-1

I searched some examples on google but I could not really find something I need.

I have this while loop:

StreamReader ImportFile = new StreamReader(@"c:\users\matthew\desktop\test.txt");

string line;
while ((line = ImportFile.ReadLine()) != null)
{
   doneTotal++;

   string[] info = line.Split('-');
   string username = info.Length >= 1 ? info[0] : null;
   string file = info.Length >= 2 ? info[1] : null;

   myfunc(username, file);
}

So, myfunc is fast but not fast enough for me. How can I Parallel or Multithread this while loop?

Thanks.

wtm
  • 166
  • 1
  • 13
  • 2
    I'm pretty sure what's slow about your process is I/O. You can't multithread I/O for better performance. Just read the whole file in as one string and process each line separately. – Gus Jul 01 '16 at 16:52
  • couldnt you read in all lines then iterate over them in a parallel foreach? – Steven Wood Jul 01 '16 at 16:52
  • @Gus & Steven The files I use are sometimes too big to open, so I think I have to use this, unless there is a other way to open a big file? – wtm Jul 01 '16 at 16:56
  • 2
    You could use [TPL dataflow](https://msdn.microsoft.com/fr-fr/library/hh228603(v=vs.110).aspx) to build asynchronous pipeline. Or use `tasks.Add(Task.Factory.StartNew(() => myFunc(username, file)); /*...*/ Task.WaitAll(tasks)` – Kalten Jul 01 '16 at 16:58
  • @Matthew on second read I notice that you're reading one file to get the filename of another file (presumably one per line?) Which of those files are you expecting to be large? In other words, the performance problem may actually be hidden in `myfunc`. Check out this answer for some good ideas: http://stackoverflow.com/a/4274051/535515 – Gus Jul 01 '16 at 17:01
  • 1
    It will not help you if you implement this with multithreading, because the bottleneck is not at computing from CPU. The slow part in this code is reading from the hard disk, so a paralel implementation won't help you. – meJustAndrew Jul 01 '16 at 17:03
  • @Gus The myfunc is creating some posts to my server with information including the username and file string, thats all. So yes, the problem is inside the function but there is not really a way to make it faster, so I thought I would make it faster by just multi/parallel it so I do multiple at the same time – wtm Jul 01 '16 at 17:10
  • 1
    OK. Yep, @Kalten's got the right idea then. You should update the question with what you're doing in `myfunc` – Gus Jul 01 '16 at 17:19

2 Answers2

1

Just on a hunch, try this. First, add a new class to represent a set of parameters for myfunc. (It could even be Tuple<string, string>).

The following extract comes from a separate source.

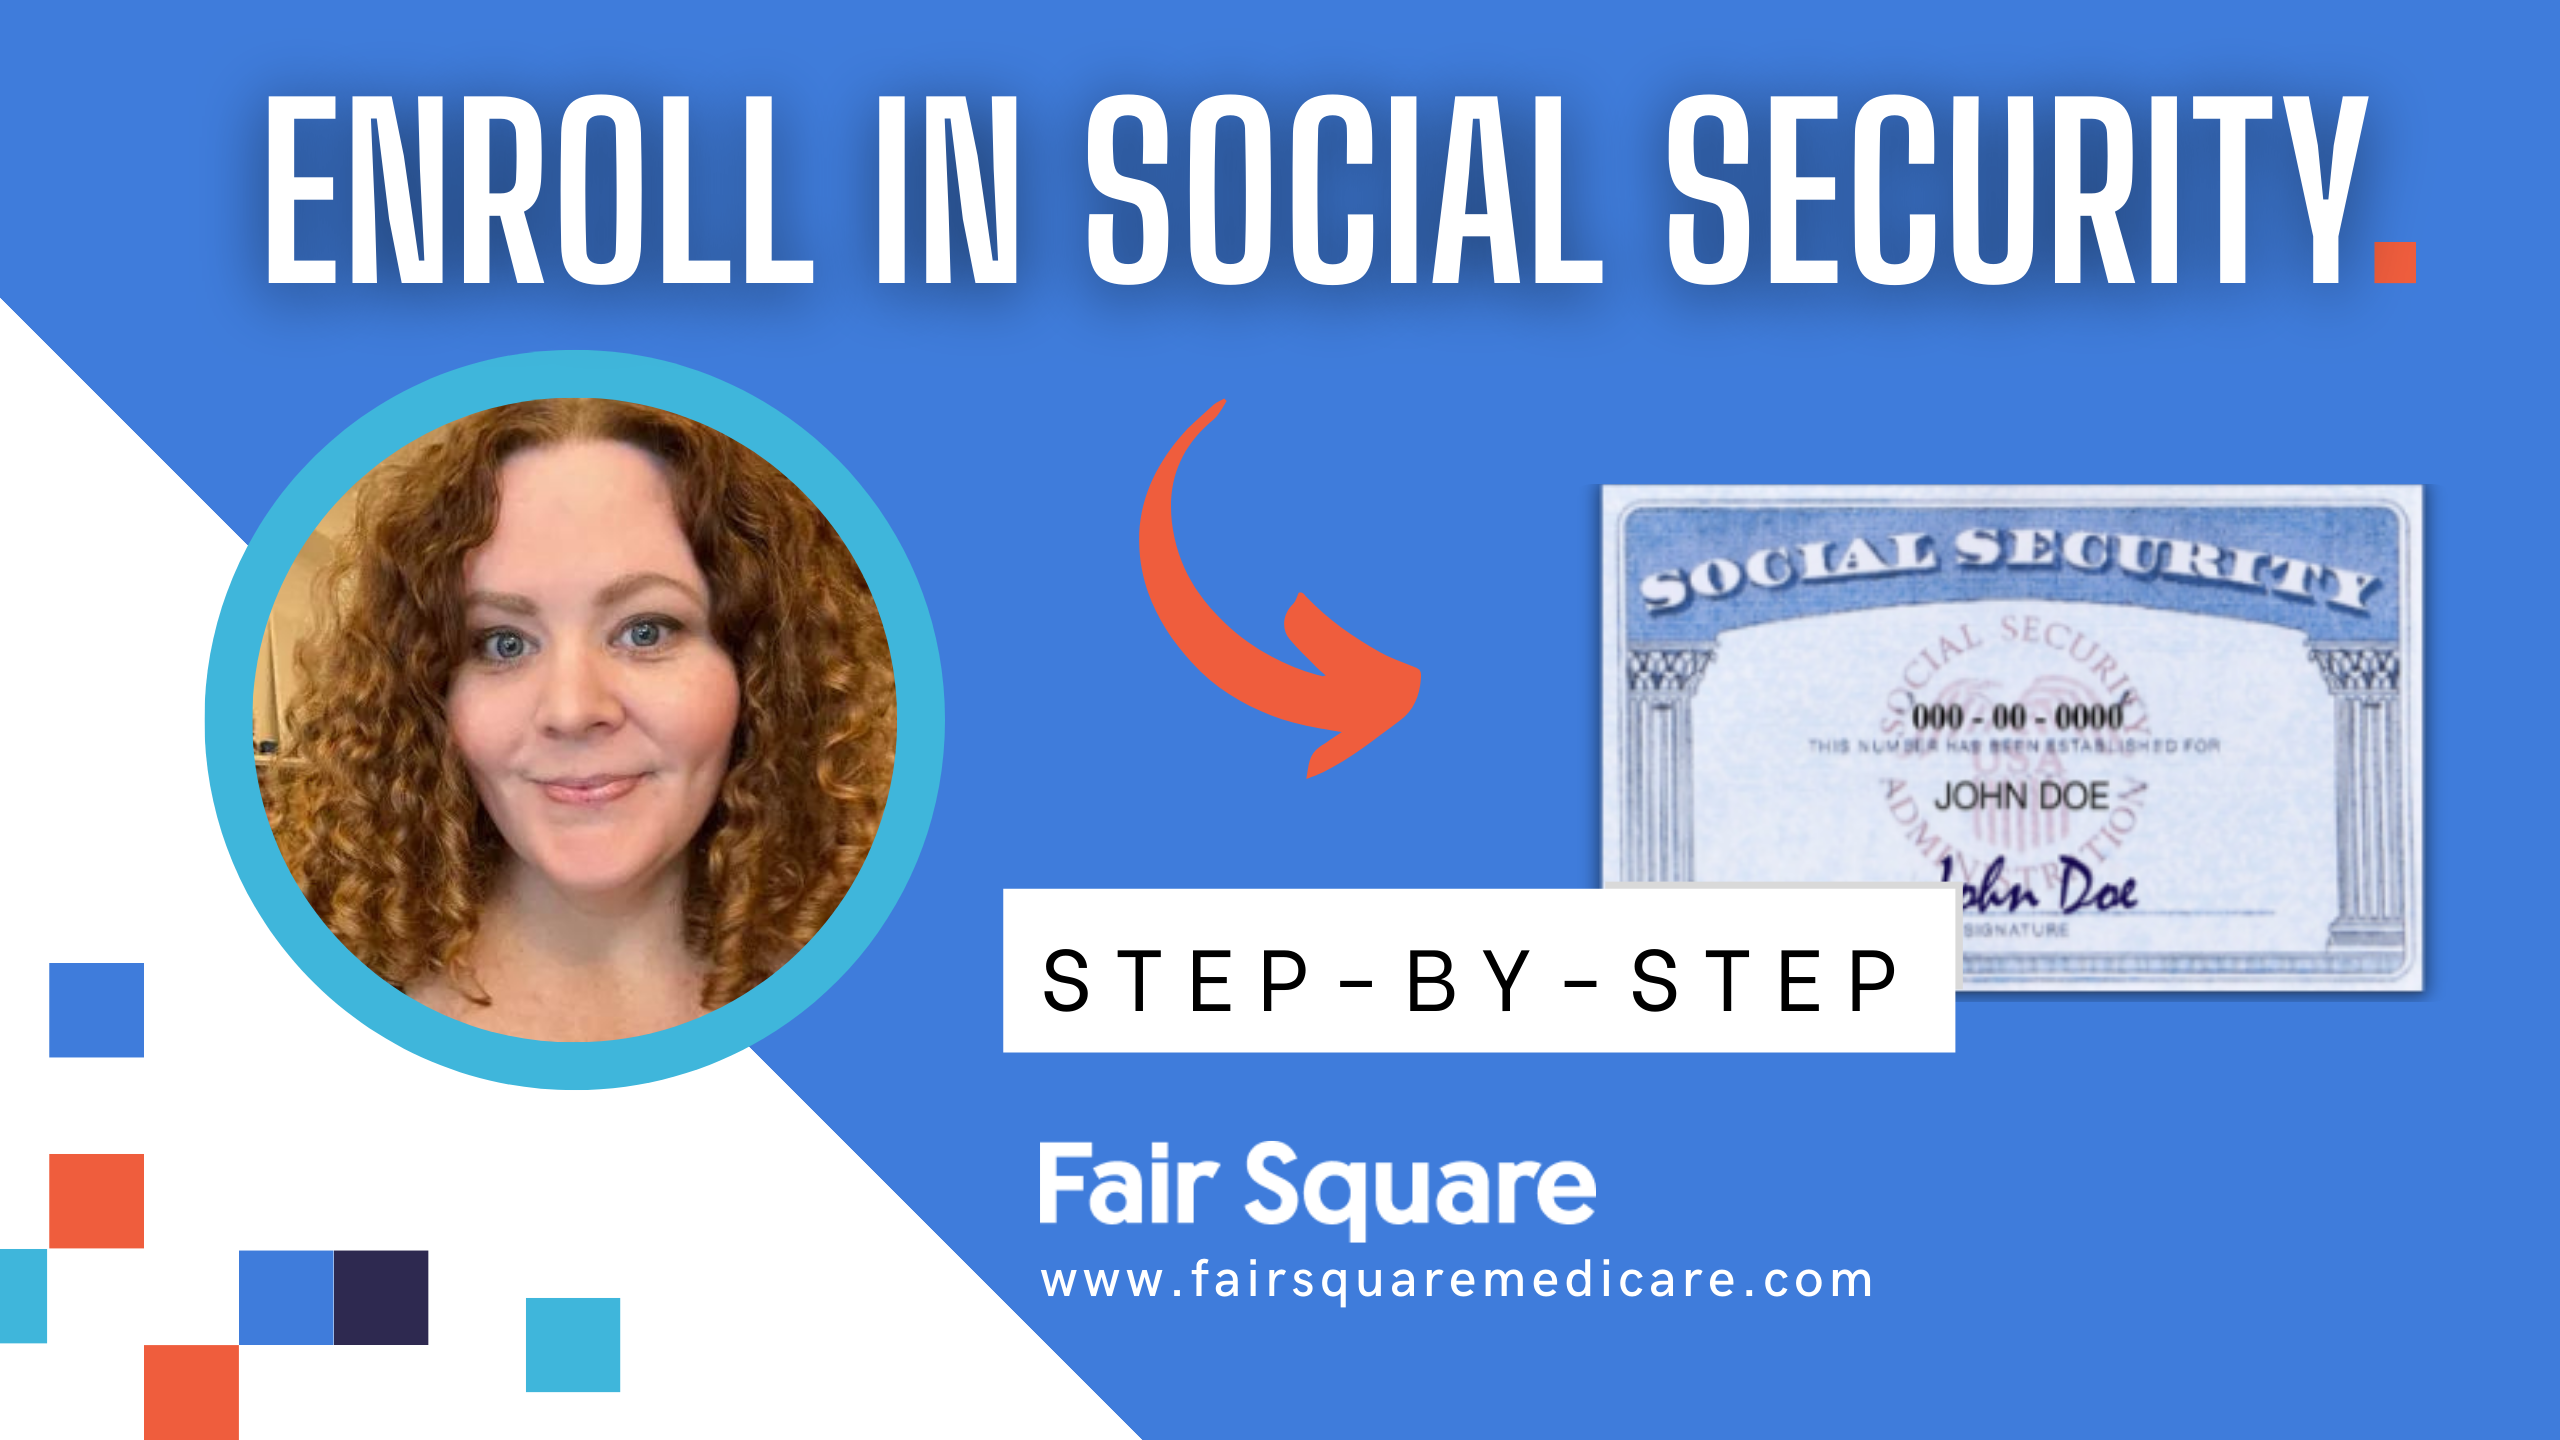 Enroll in Social Security step-by-step with the help of Fair Square stock image

public class MyFuncParameters
{
    public string UserName { get; set; }
    public string File { get; set; }
}

Then modify your original method like this:

StreamReader ImportFile = new StreamReader(@"c:\users\matthew\desktop\test.txt");

string line;
var filesToProcess = new List<MyFuncParameters>();
while ((line = ImportFile.ReadLine()) != null)
{
    doneTotal++;

    string[] info = line.Split('-');
    string username = info.Length >= 1 ? info[0] : null;
    string file = info.Length >= 2 ? info[1] : null;

    filesToProcess.Add(new MyFuncParameters {File = file, UserName = username});
}

foreach (var fileToProcess in filesToProcess)
{
    myfunc(fileToProcess.UserName, fileToProcess.File);
}

In other words, first read everything you need from the one file, and then if you're iterating through another list of files (created from the original file) do that next. You may see some improved performance by not reading one file and then doing something (myfunc) with another file in between reads to the original file.

That's a guess. It very likely depends on what exactly myfunc does since you indicated that's the part that's slow.

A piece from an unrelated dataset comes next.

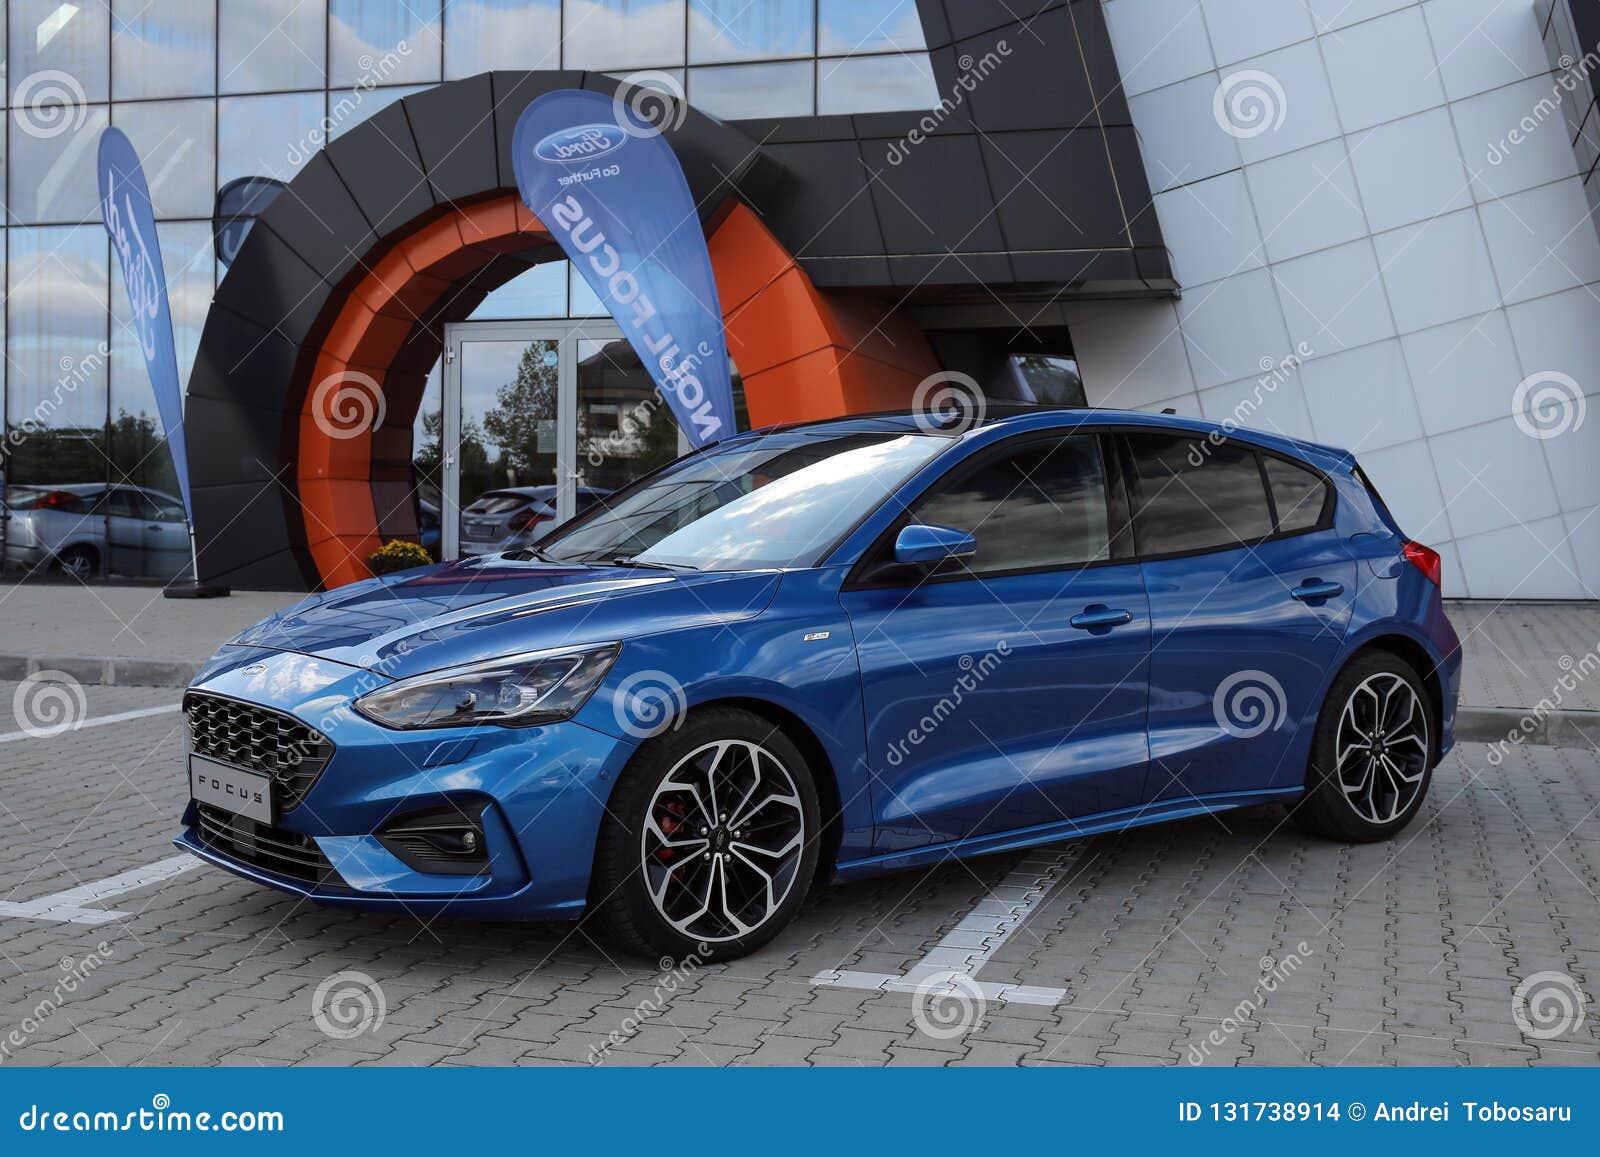 497 Ford Focus Blue Photos Free Royalty Free Stock Photos From Dreamstime

As stated in the comments, you can launch as many parallel threads to read files as you want, but only one of them can actually read from the disk at a time so it doesn't really do any good. It could even make it slower.

Scott Hannen
  • 27,588
  • 3
  • 45
  • 62
0

I thought I posted this in my other answer but I don't see it.

Can you modify what you're posting to the server so that instead of posting lots of requests each with one user name and one file name, you post a collection instead? One (or several) big requests will be a lot faster than lots of little ones. Each item takes the same time to process, but you remove the overhead of making all the individual calls.

Scott Hannen
  • 27,588
  • 3
  • 45
  • 62